Data excerpts:
Start of Block

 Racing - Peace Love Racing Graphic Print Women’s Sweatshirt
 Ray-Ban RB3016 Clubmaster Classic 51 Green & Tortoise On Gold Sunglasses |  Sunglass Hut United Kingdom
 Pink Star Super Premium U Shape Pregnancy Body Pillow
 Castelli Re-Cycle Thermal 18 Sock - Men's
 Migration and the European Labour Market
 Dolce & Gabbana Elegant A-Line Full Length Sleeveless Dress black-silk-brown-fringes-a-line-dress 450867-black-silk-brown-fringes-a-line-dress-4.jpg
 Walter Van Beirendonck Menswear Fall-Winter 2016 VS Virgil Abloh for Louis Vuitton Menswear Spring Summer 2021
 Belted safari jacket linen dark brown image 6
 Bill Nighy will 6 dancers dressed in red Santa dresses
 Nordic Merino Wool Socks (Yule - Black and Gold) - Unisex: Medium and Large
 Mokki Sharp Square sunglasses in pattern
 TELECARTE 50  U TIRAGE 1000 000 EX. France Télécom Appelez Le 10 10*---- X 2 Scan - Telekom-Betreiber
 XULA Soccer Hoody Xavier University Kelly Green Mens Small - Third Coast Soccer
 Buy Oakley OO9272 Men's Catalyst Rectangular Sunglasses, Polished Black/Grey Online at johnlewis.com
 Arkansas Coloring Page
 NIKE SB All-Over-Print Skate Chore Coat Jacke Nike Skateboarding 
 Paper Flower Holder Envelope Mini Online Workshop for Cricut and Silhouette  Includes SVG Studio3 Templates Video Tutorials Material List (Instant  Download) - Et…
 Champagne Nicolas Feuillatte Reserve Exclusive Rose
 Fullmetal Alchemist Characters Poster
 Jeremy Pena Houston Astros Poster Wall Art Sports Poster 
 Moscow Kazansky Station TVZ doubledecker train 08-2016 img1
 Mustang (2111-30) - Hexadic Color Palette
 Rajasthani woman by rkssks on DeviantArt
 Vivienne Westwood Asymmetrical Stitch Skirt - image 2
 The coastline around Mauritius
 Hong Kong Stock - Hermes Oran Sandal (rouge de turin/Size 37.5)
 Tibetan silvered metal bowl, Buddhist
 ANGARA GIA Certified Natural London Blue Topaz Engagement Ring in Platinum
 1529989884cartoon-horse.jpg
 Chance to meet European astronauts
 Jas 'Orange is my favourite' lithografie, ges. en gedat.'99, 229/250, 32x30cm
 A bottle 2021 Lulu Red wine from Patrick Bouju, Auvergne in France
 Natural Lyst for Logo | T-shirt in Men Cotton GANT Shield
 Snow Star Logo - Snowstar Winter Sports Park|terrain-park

End of Block

Problem to work on ▸ Nothing but a number should be given: the count of lines in the records that contain the word "brown".

Result for this task ▸ 2